Troubleshooting Guide for Yum Repository Scripts
The repo.opensciencegrid.org and repo-itb.opensciencegrid.org hosts contain the OSG Yum software repositories plus related services and tools. In particular, the mash software is used to download RPMs from where they are built (at the University of Wisconsin–Madison), and there are some associated scripts to configure and invoke mash periodically.

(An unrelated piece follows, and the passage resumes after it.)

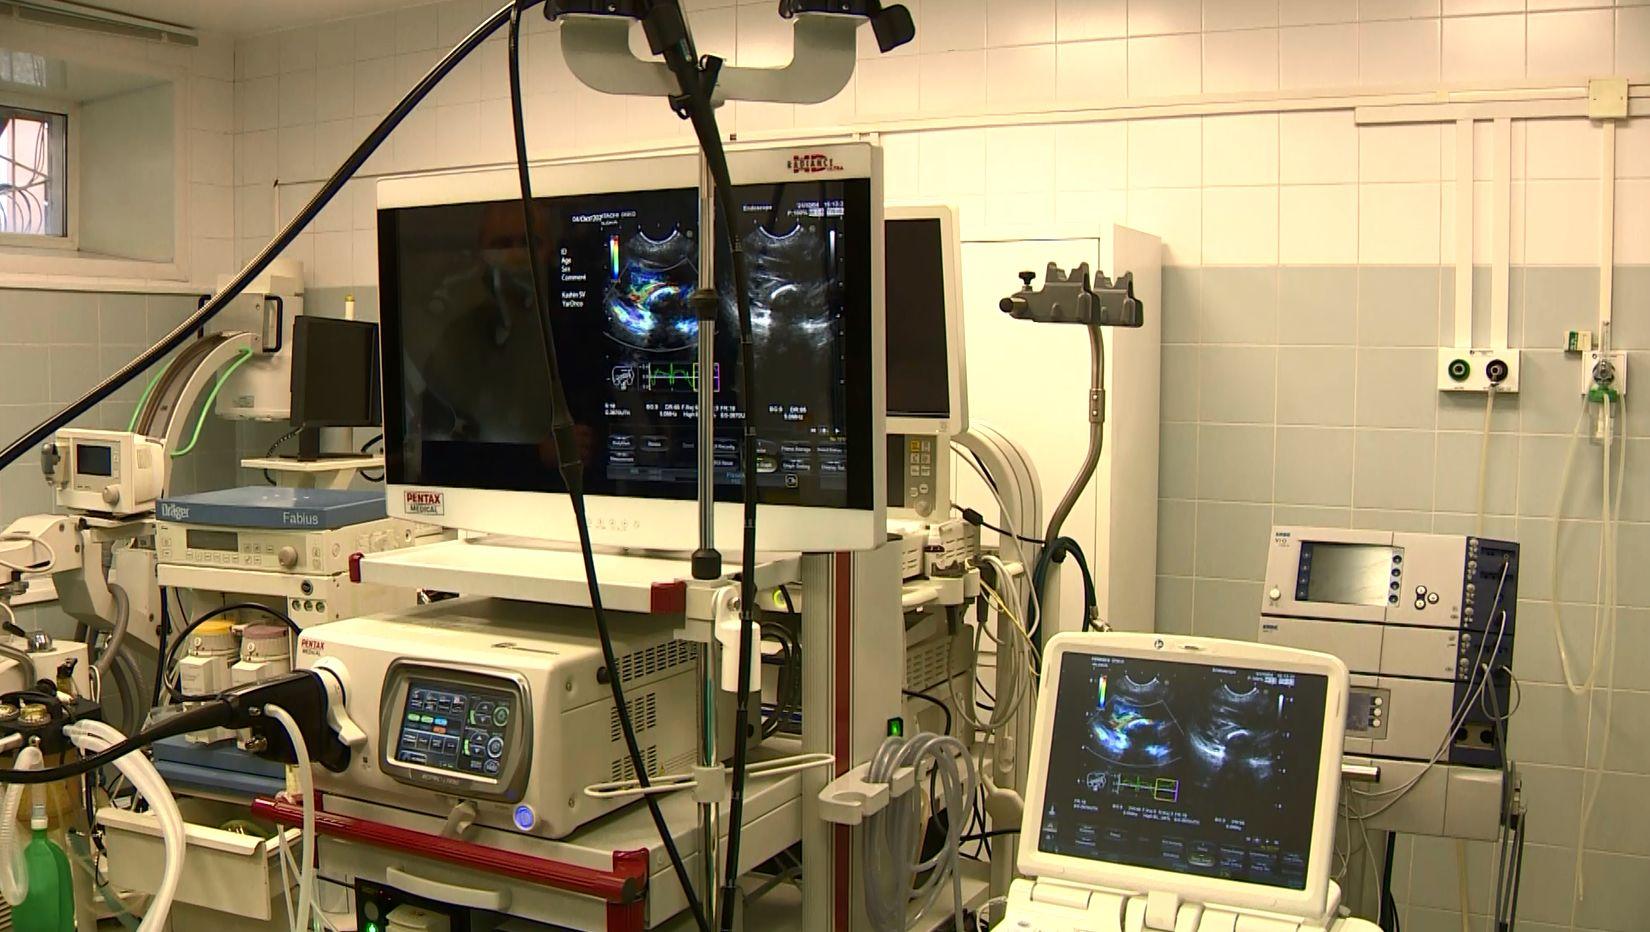 В Ярославскую областную онкологическую больницу привезли новый рентгеновский аппарат типа С-дуга

Use this guide to monitor the mash system for problems and to perform basic troubleshooting when such problems arise.
Monitoring
To monitor the repository hosts for proper mash operation, do the following steps on each host:
ssh
to repo.opensciencegrid.org andcd
into/var/log/repo
to view logs from mash updates- Examine the “Last modified” timestamp of all of the update_repo.*.log files
- If the timestamps are all less than 2 hours old, life is good and you can skip the remaining steps below
- Otherwise, examine the “Last modified” timestamp of the update_all_repos.err file
- If the update_all_repos.err timestamp is current, there may be a mash process that is hung; see the Troubleshooting steps below
- If all timestamps are more than 6 hours old, something may be wrong with cron or its mash entries:
- Verify that cron is running and that the cron entries for mash are still present; if not, try to restore things
- Otherwise, create a Freshdesk ticket with a subject like “Repo update logs are too old on
” and with relevant details in the body - Assign the ticket to the “Software” group
Troubleshooting and Mitigation
Identifying and fixing a hung mash process
If a mash update process hangs, all future invocations from cron of the mash scripts will exit without taking action because of the hung process. Thus, it is important to identify and remove any hung processes so that future updates can proceed. Use the procedure below to remove any hung mash processes; doing so is safe in that it will not adversely affect the Yum repositories being served from the host.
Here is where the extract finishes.